Miss Chinese Toronto Pageant
- Miss Chinese Toronto Pageant official logo
- Abbreviation: MCTP, 多倫多小姐
- Formation: 1995; 31 years ago
- Type: Beauty pageant
- Location(s): Sheraton Parkway Hotel, Richmond Hill, Ontario (1995) Metro Toronto Convention Centre, Toronto, Ontario (1996-2019) Chinese Cultural Centre Of Greater Toronto, Toronto, Ontario (2022-2024) Hilton Markham Suites & Conference Centre, Markham, Ontario (2025);
- Members: Miss Chinese International (1995–present)
- Official language: Cantonese, Mandarin, English
- Current title holder: Jenny Lin 林采妮 (2025)
- Parent organization: Fairchild TV
- Website: www.torontochinesepageant.com

= Miss Chinese Toronto Pageant =

Canadian beauty pageant

The Miss Chinese Toronto Pageant (多倫多華裔小姐競選), also known as MCTP, and formerly known as the Greater Toronto Chinese Pageant (大多市華裔小姐競選) prior to 1999, is an annual beauty pageant organized by Fairchild TV that selects Toronto's representative for the annual Miss Chinese International Pageant, held in Hong Kong, organized by TVB. It is unrelated to the now-discontinued Miss Chinese Scarborough Pageant which was also hosted in the same region.
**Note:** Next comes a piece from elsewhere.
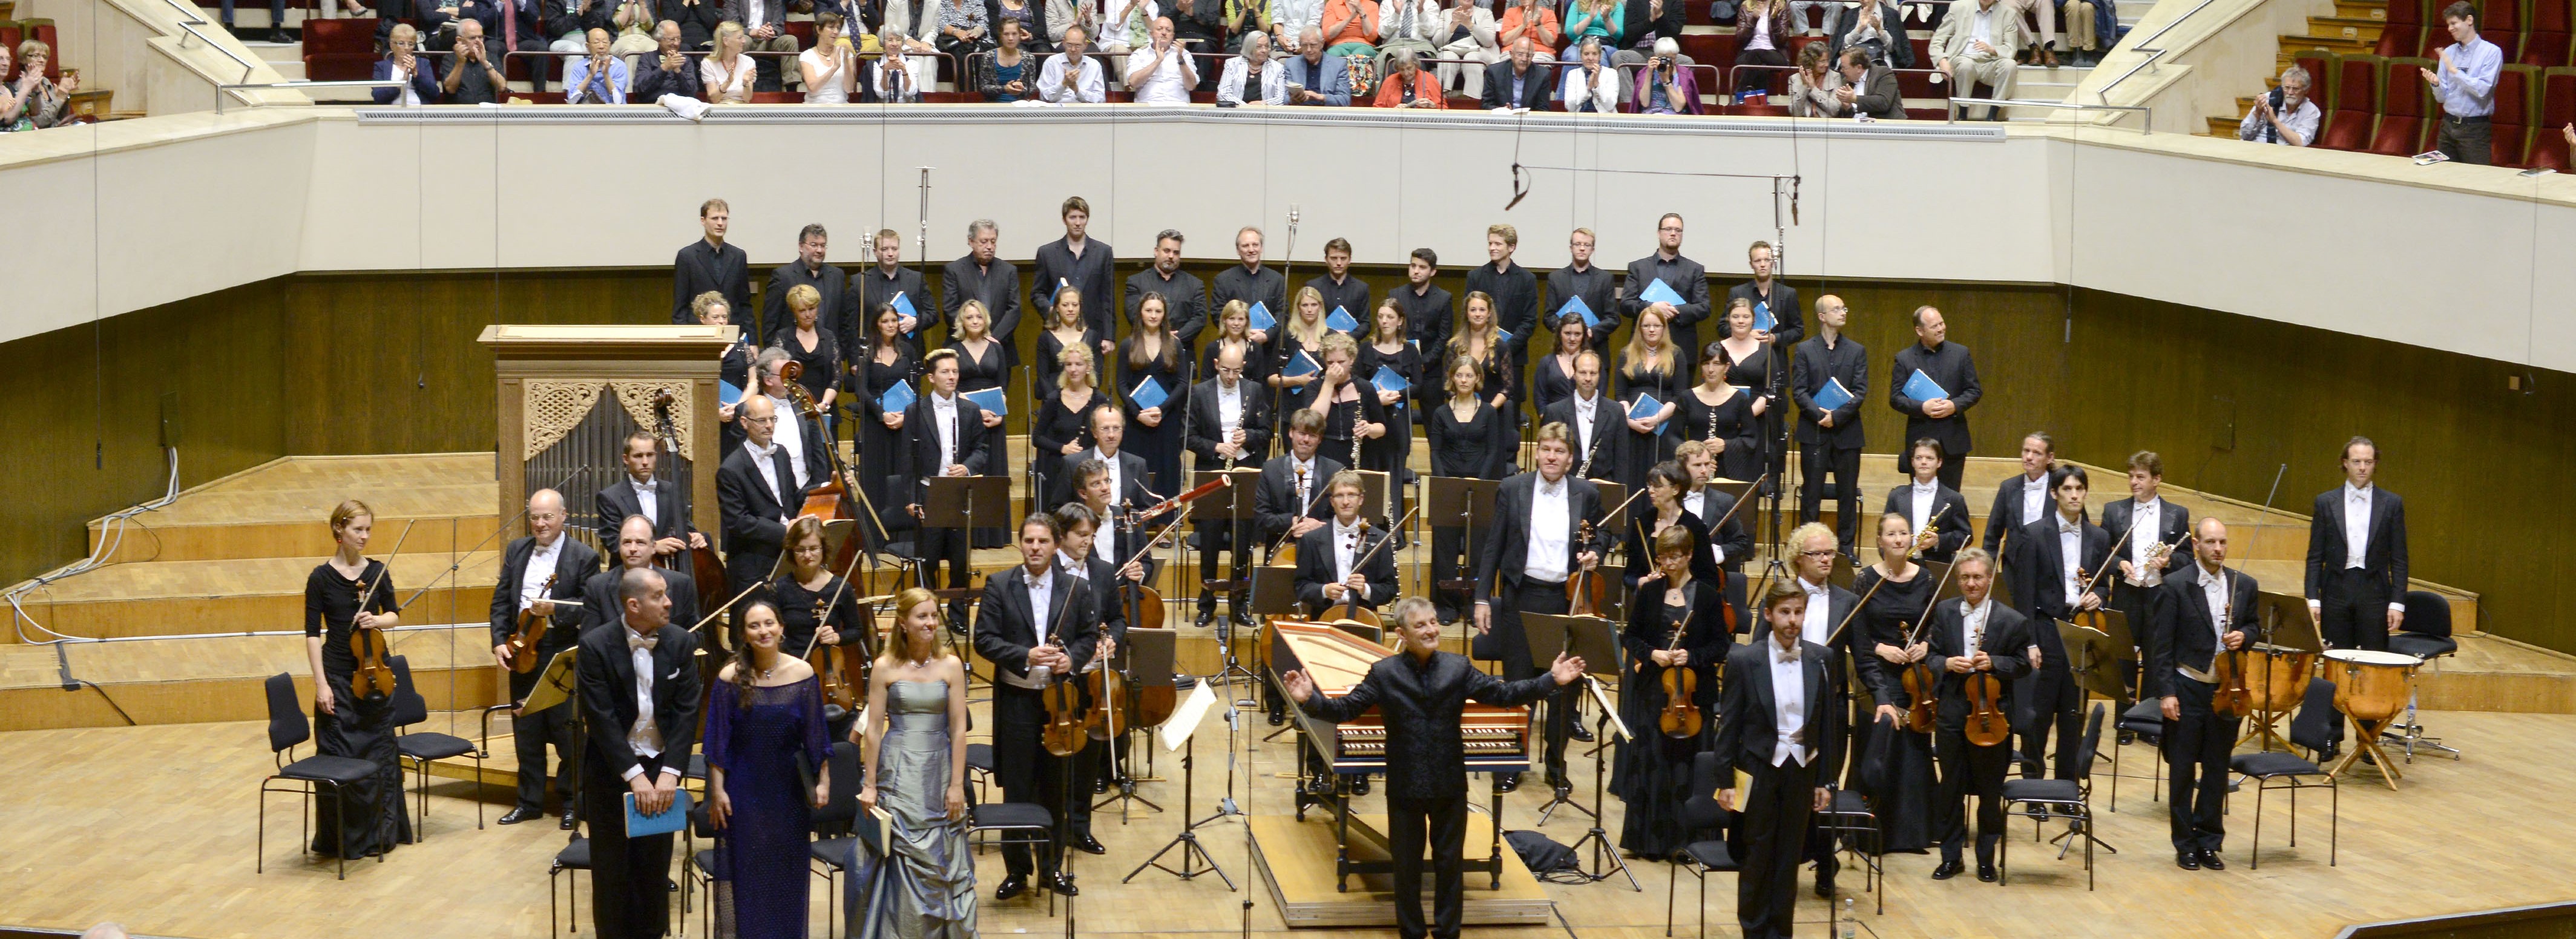 Bach Festival i Leipzig (Udsolgt), Med hele seks koncerter inkluderet og fuldt program
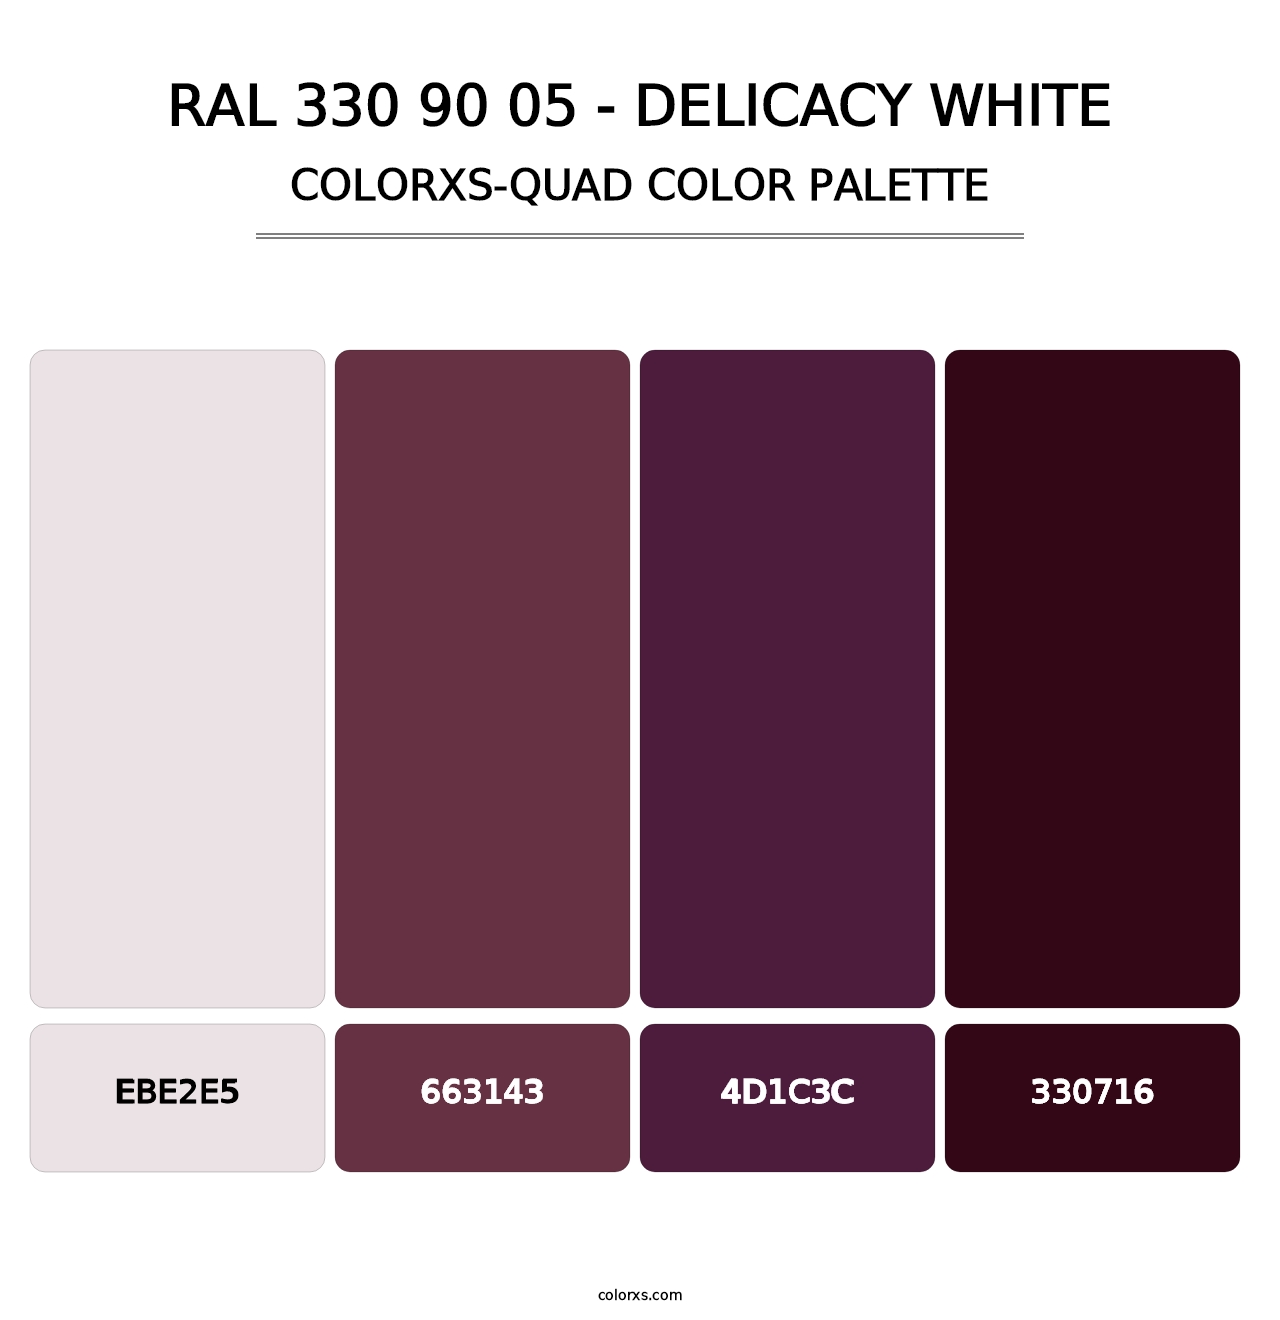 RAL 330 90 05 - Delicacy White - Colorxs Quad Palette

The current Miss Chinese Toronto is Jenny Lin (林采妮), winner of the 2025 pageant.

The winner of the pageant can then sign with Fairchild TV as a presenter, or often other popular contestants sign with Fairchild TV, even without a title. It is one of the most recognized beauty pageants among Chinese Canadian diaspora, alongside its Vancouver counterpart.

==Requirements==

Contestants must be of at least partial Chinese descent and have resided in Canada for continuous period of 6 months or a total of one year on the day the application form is signed. The age requirement is 17–27 (expanded in 2011).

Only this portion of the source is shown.